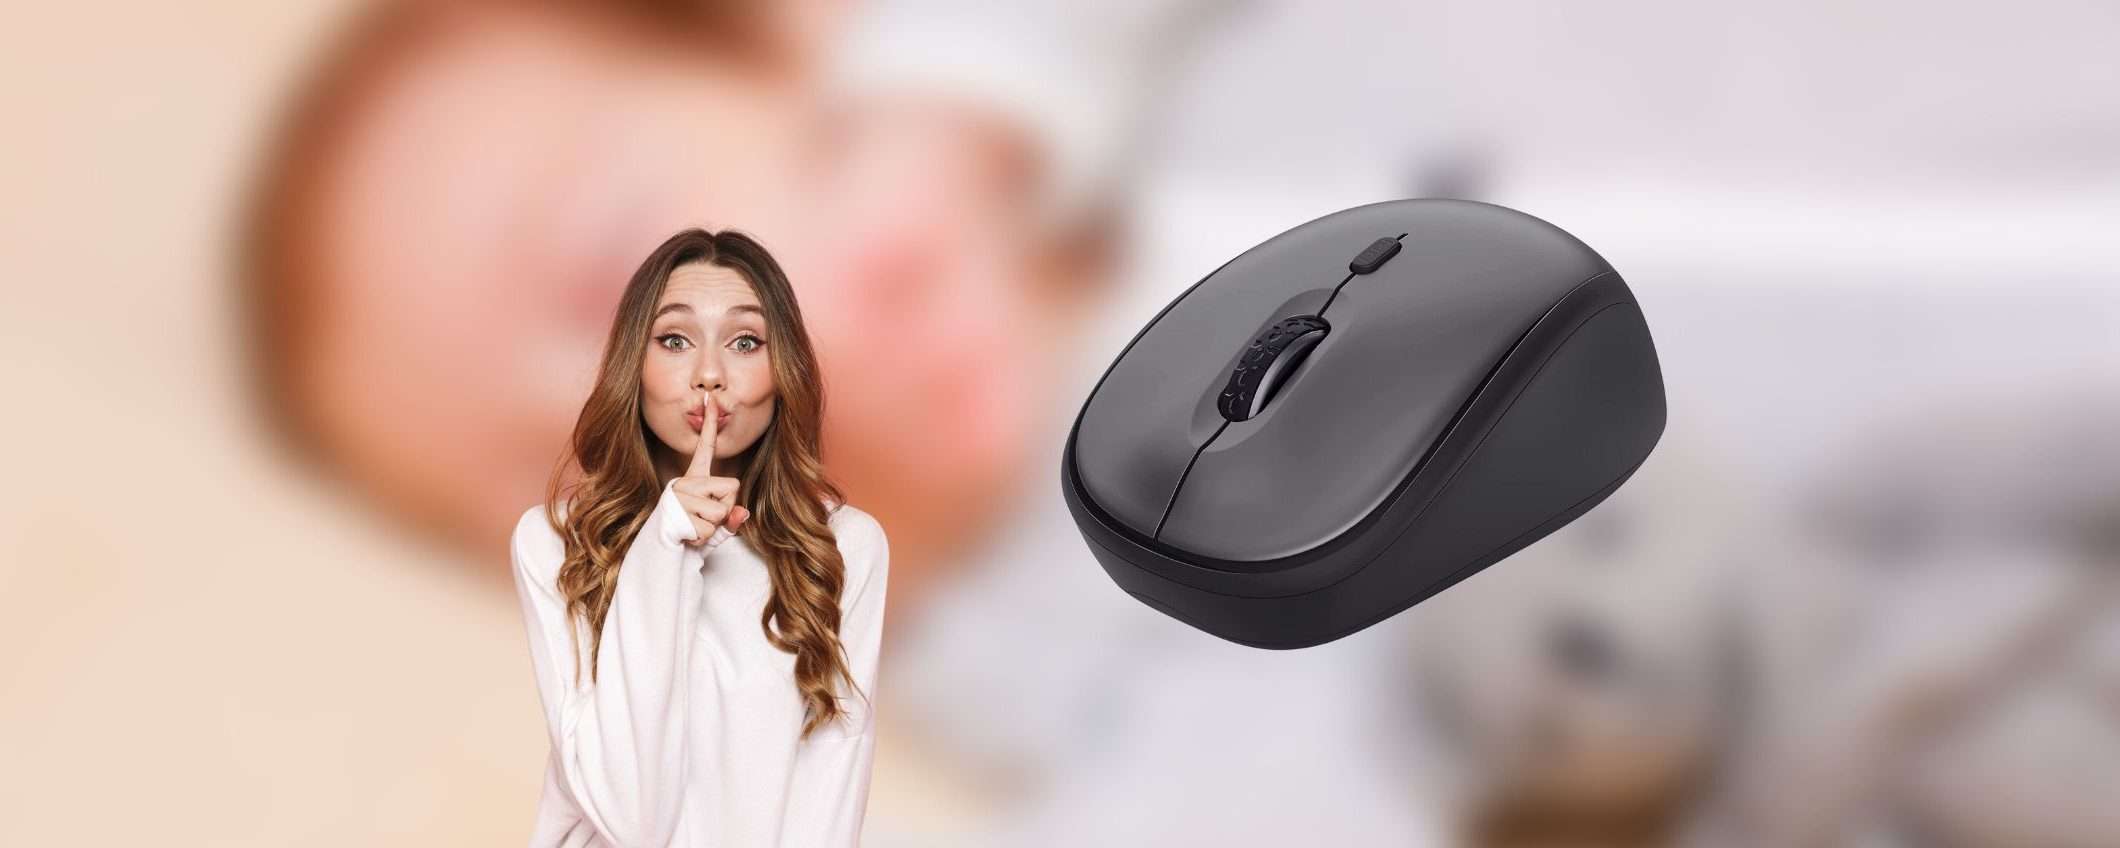 Il mouse wireless silenzioso che cercavi ti costa meno di 10 euro
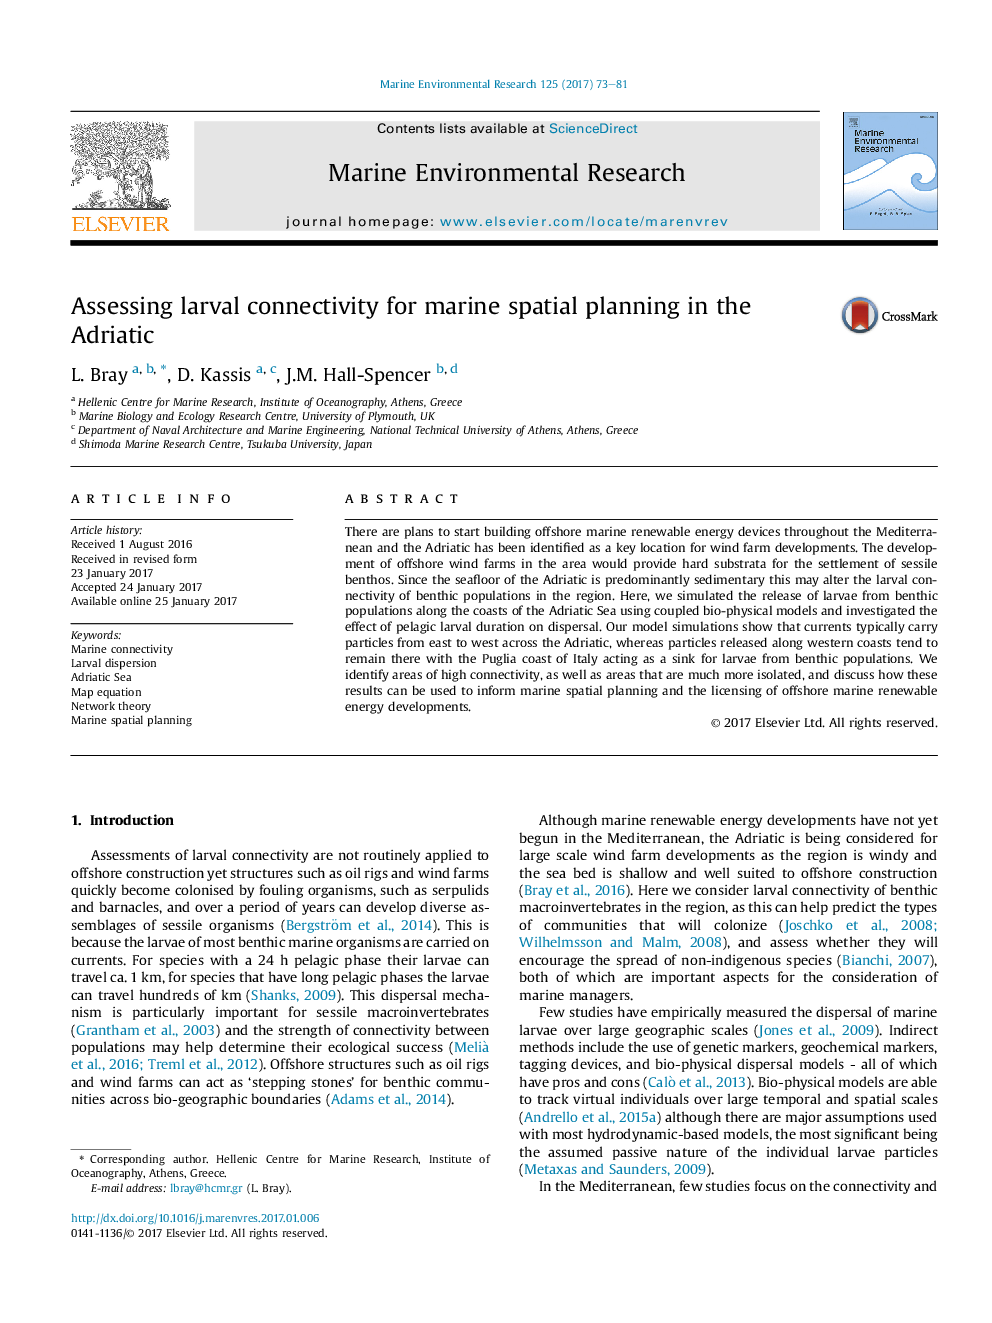 ارزیابی ارتباطات لارو برای برنامه ریزی فضایی دریایی در آدریانک 
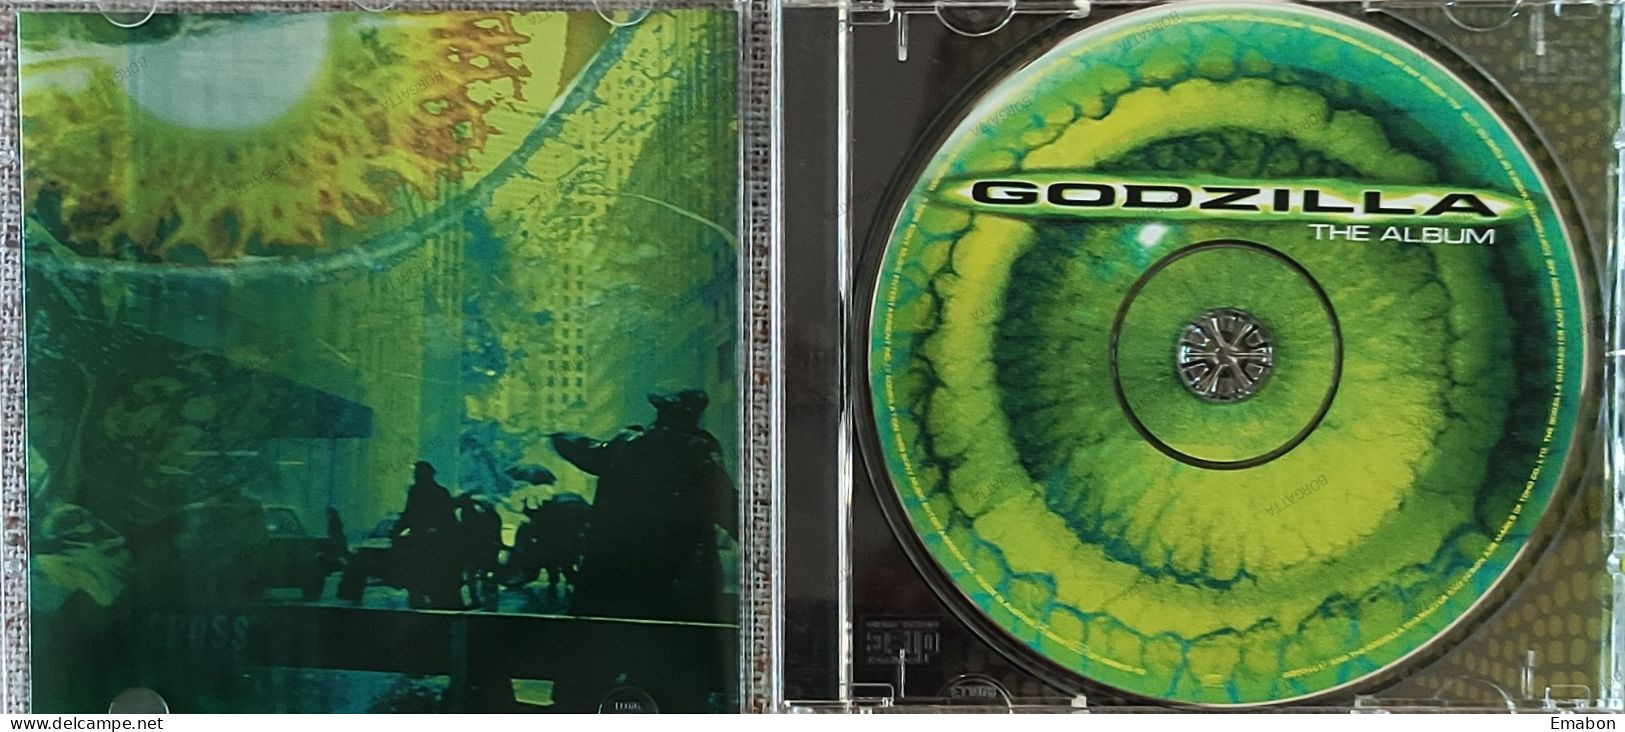 BORGATTA - FILM MUSIC  - Cd   THE ALBUM GODZILLA - EPIC/SONY 1998- USATO In Buono Stato - Filmmusik

- _WHAT TO DO_
Leave the pictures aside and print exactly, and only, the lines from the one with "ارزیابی ارتباطات لارو" through the end of the data, both included.

- _ANSWER AREA_
 ارزیابی ارتباطات لارو برای برنامه ریزی فضایی دریایی در آدریانک 
 BORGATTA - FILM MUSIC  - Cd   THE ALBUM GODZILLA - EPIC/SONY 1998- USATO In Buono Stato - Filmmusik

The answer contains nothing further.